Task instructions:
Please repeat the lines below, exactly and only, from the one that holds "La deuxième Guerre" through the one that holds "folhas roxas ou".

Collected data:
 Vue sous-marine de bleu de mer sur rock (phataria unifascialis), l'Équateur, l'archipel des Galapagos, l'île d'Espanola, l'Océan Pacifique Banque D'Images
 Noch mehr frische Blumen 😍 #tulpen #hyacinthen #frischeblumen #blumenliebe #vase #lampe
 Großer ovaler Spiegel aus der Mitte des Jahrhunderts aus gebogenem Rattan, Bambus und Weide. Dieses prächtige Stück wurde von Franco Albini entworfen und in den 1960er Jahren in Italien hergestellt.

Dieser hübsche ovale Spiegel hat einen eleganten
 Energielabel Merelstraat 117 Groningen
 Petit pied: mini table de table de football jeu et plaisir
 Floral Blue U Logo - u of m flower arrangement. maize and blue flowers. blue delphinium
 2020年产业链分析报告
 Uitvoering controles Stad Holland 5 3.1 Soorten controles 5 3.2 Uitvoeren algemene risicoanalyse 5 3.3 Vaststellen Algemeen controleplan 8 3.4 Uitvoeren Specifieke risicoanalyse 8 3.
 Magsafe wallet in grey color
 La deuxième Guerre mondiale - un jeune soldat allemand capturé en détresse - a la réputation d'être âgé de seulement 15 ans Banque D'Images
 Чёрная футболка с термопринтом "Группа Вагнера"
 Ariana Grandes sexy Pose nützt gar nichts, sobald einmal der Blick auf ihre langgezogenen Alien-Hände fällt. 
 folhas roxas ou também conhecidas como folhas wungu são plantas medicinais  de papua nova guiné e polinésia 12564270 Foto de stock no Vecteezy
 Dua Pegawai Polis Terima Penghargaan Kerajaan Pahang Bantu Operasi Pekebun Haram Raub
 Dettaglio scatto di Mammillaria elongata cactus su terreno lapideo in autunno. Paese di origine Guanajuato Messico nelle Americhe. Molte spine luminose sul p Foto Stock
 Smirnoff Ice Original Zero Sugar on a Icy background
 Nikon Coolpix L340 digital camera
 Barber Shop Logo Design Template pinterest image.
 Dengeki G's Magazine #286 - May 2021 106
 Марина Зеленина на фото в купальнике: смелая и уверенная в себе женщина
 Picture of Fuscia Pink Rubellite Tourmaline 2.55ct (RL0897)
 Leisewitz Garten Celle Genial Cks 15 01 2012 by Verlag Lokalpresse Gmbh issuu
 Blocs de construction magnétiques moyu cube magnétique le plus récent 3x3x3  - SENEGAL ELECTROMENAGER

Written response:
 La deuxième Guerre mondiale - un jeune soldat allemand capturé en détresse - a la réputation d'être âgé de seulement 15 ans Banque D'Images
 Чёрная футболка с термопринтом "Группа Вагнера"
 Ariana Grandes sexy Pose nützt gar nichts, sobald einmal der Blick auf ihre langgezogenen Alien-Hände fällt. 
 folhas roxas ou também conhecidas como folhas wungu são plantas medicinais  de papua nova guiné e polinésia 12564270 Foto de stock no Vecteezy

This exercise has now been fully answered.